> Collected material:
• • •

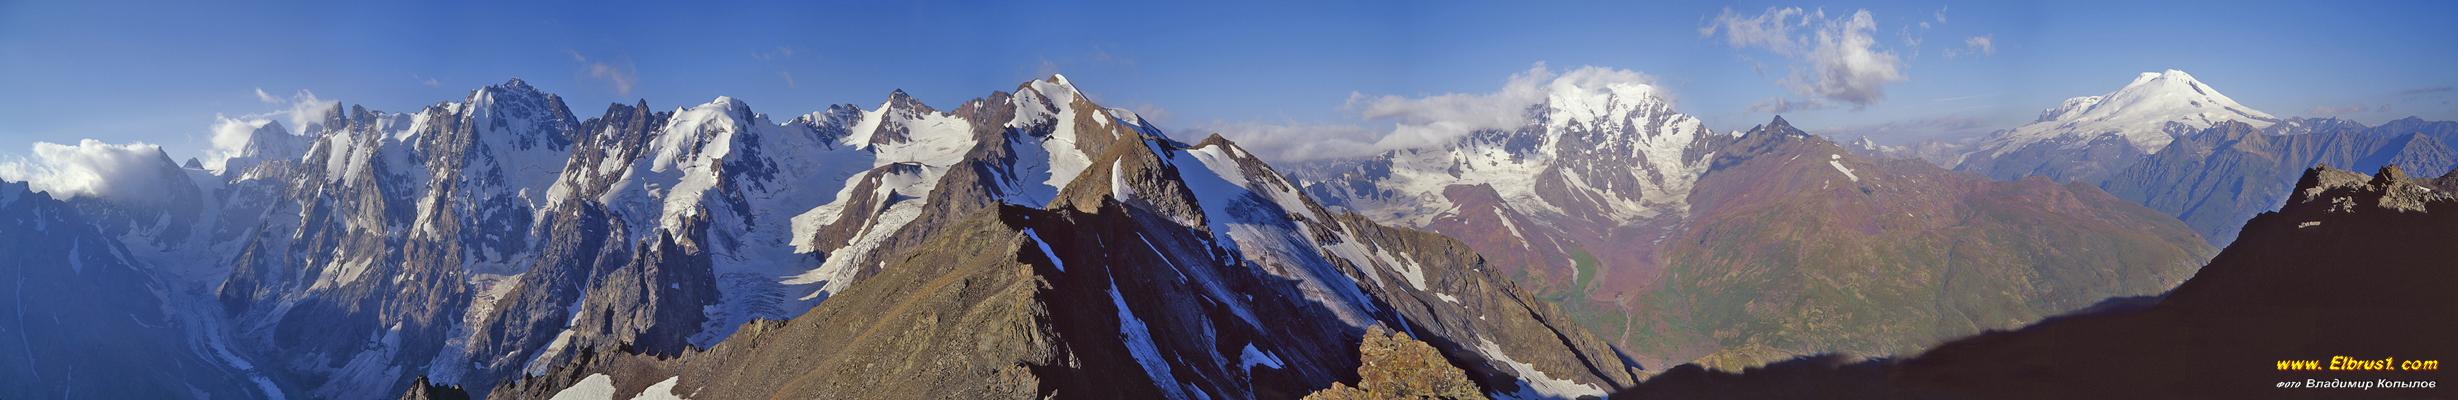 http://www.mountain.ru/photo/autors_photo/kopylov/ushba/panorama.jpg
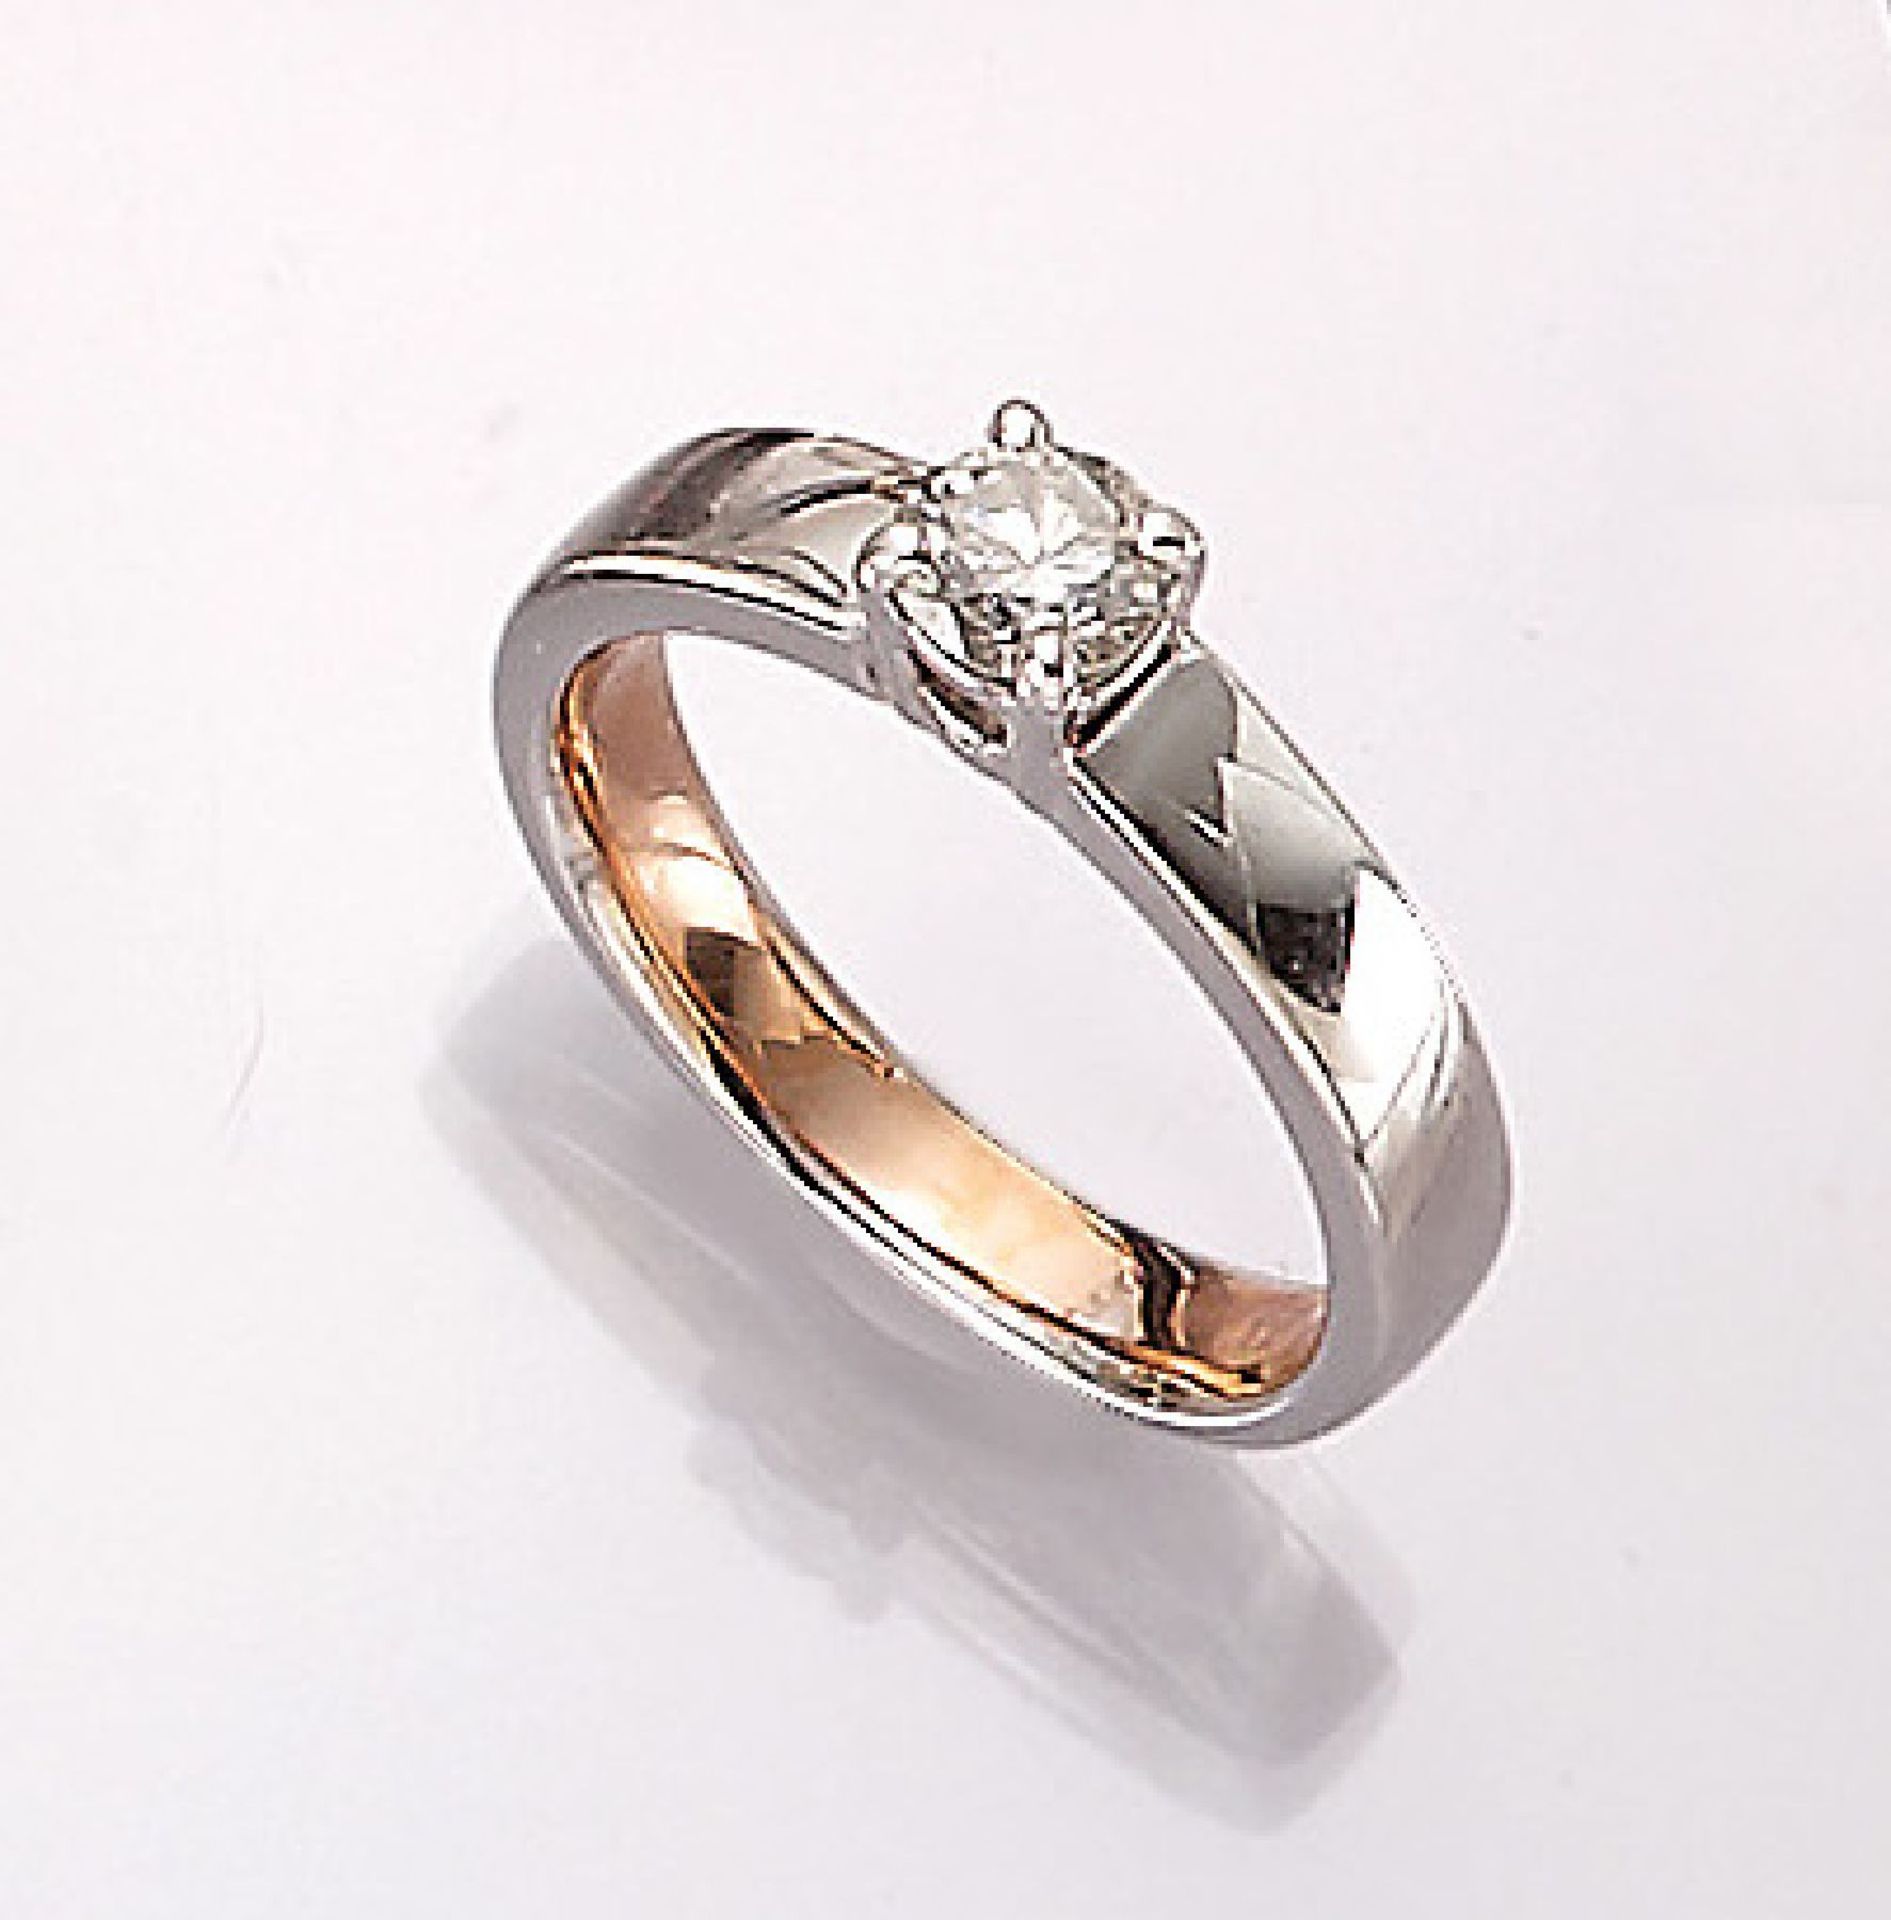 18 kt Gold Ring mit Brillant, WG 750/000, Brillant ca. 0.51 ct Weiß/si-p1, RW 5318 kt gold ring with
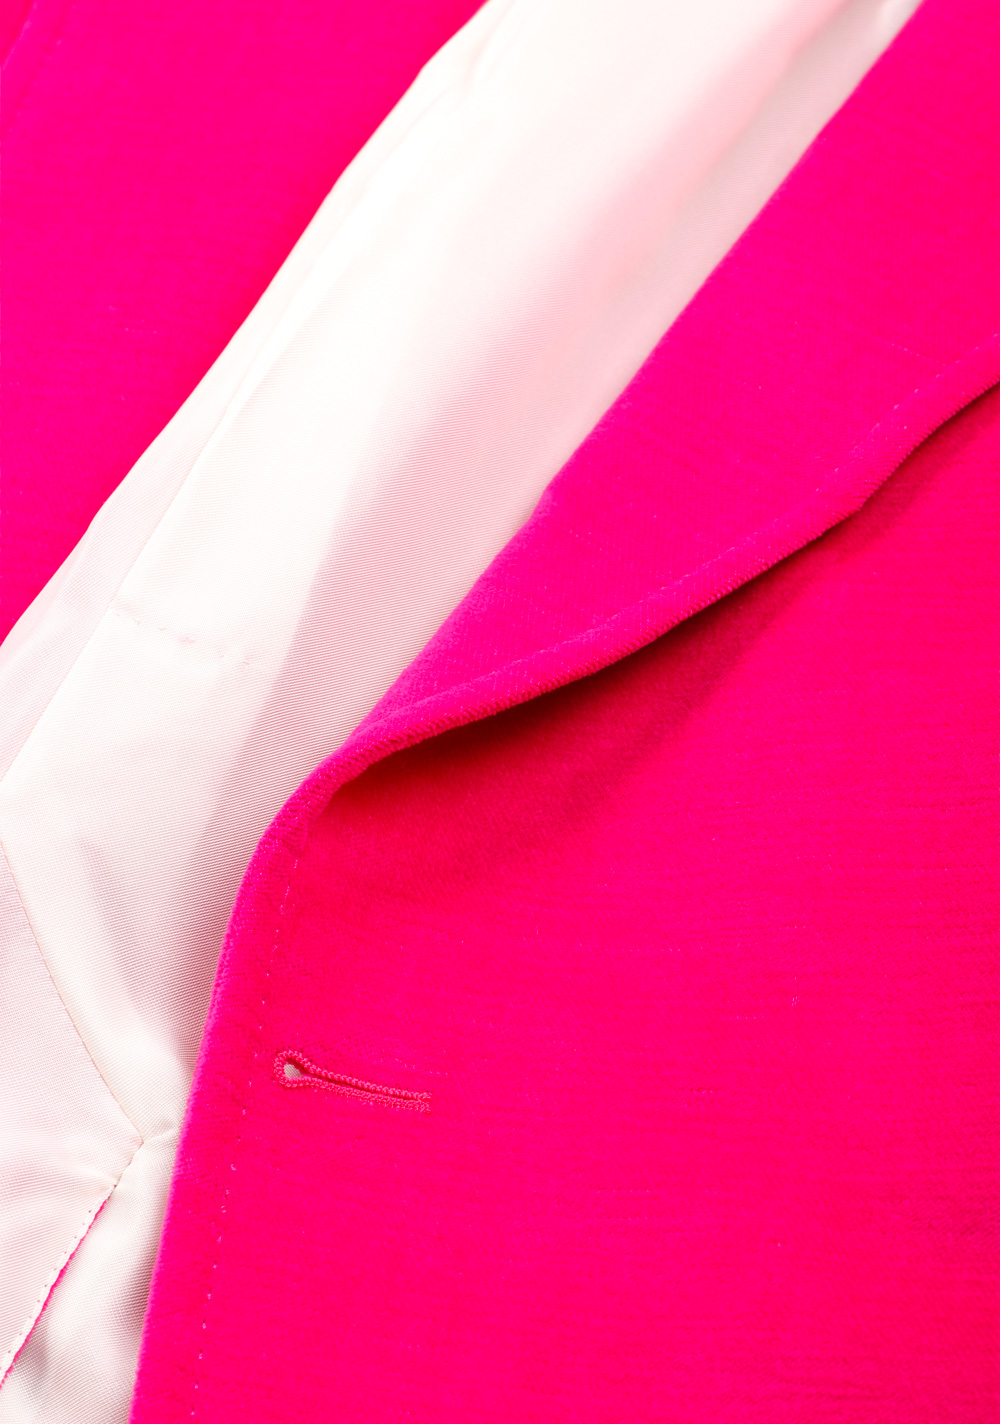 TOM FORD Shelton Velvet Pink Sport Coat Size 54 / 44R U.S. In Cotton Linen | Costume Limité
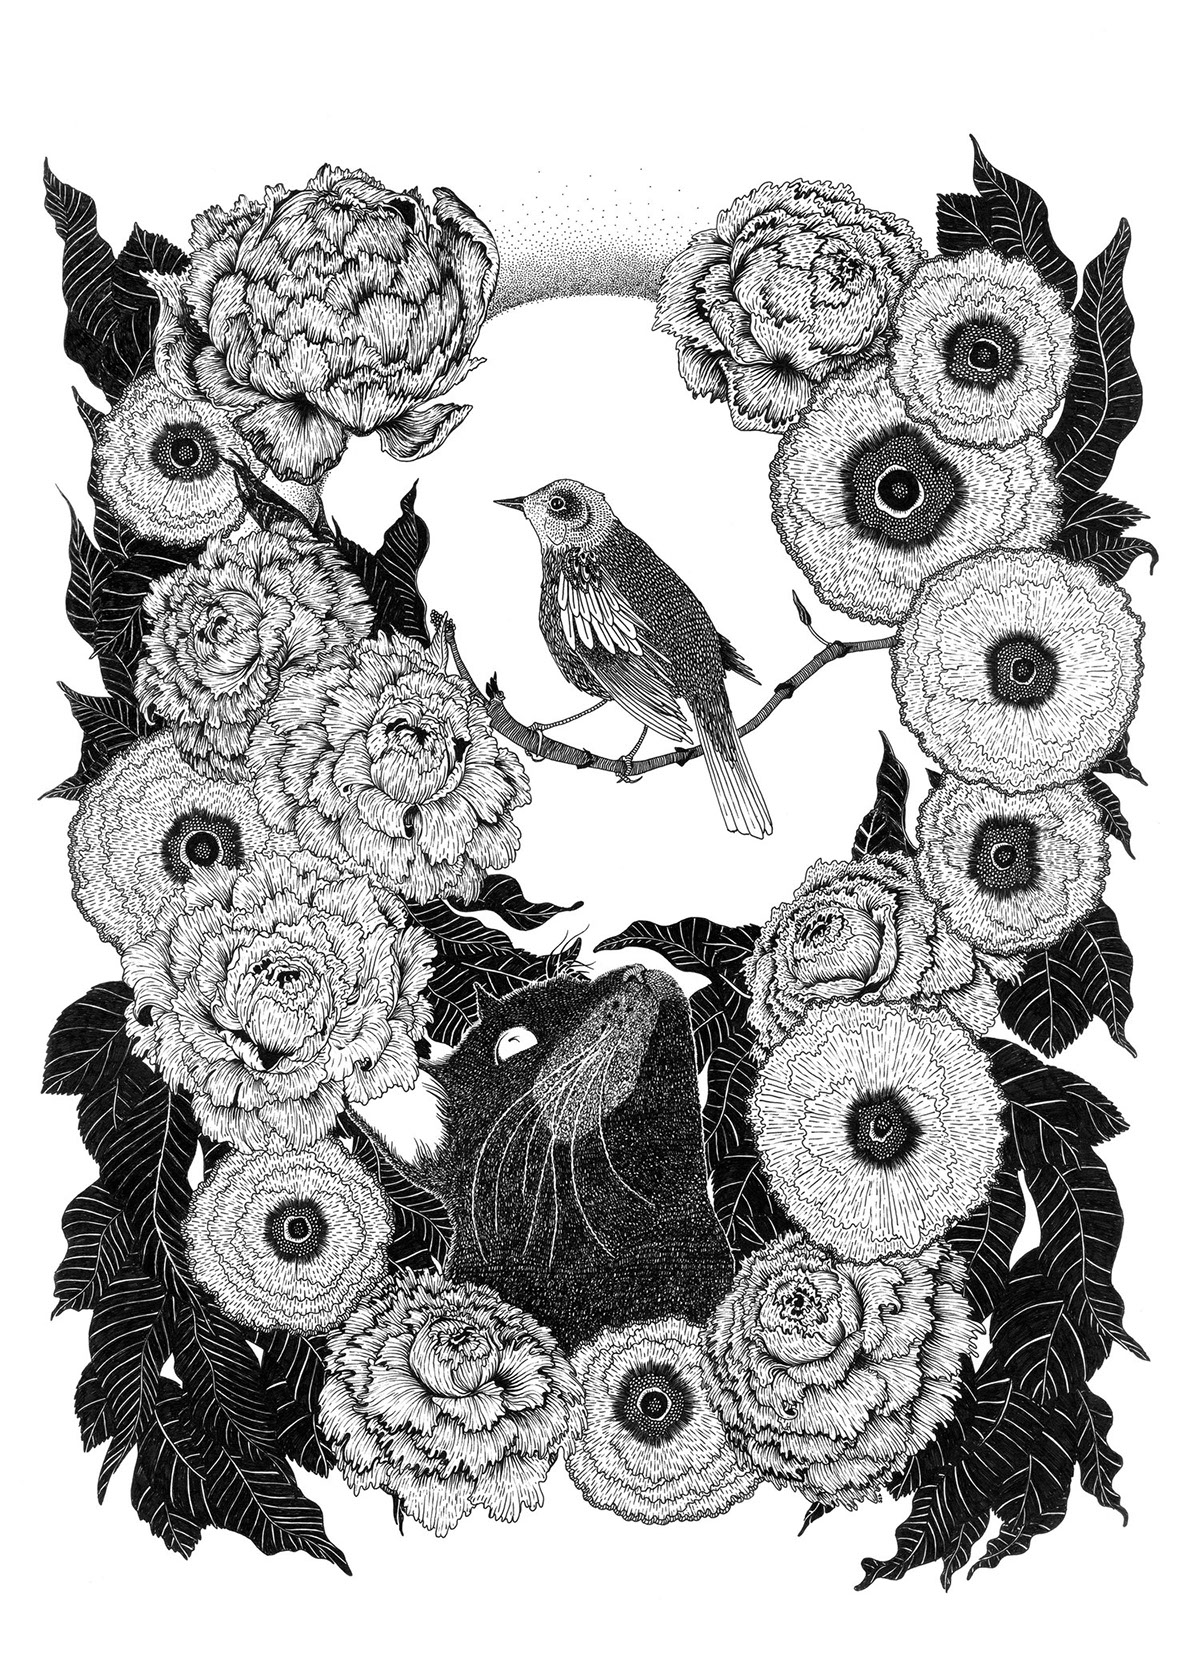 Cat bird pen detailed Flowers romance black and white texture selfportrait art

• • •

> Aim of the exercise: Each line, from the beginning of the listing to the line bearing "TOM FORD Shelton" inclusive, should be copied exactly; the pictures stay out.

> Task answer:
 http://www.mountain.ru/photo/autors_photo/kopylov/ushba/panorama.jpg
 18 kt Gold Ring mit Brillant, WG 750/000, Brillant ca. 0.51 ct Weiß/si-p1, RW 5318 kt gold ring with
 TOM FORD Shelton Velvet Pink Sport Coat Size 54 / 44R U.S. In Cotton Linen | Costume Limité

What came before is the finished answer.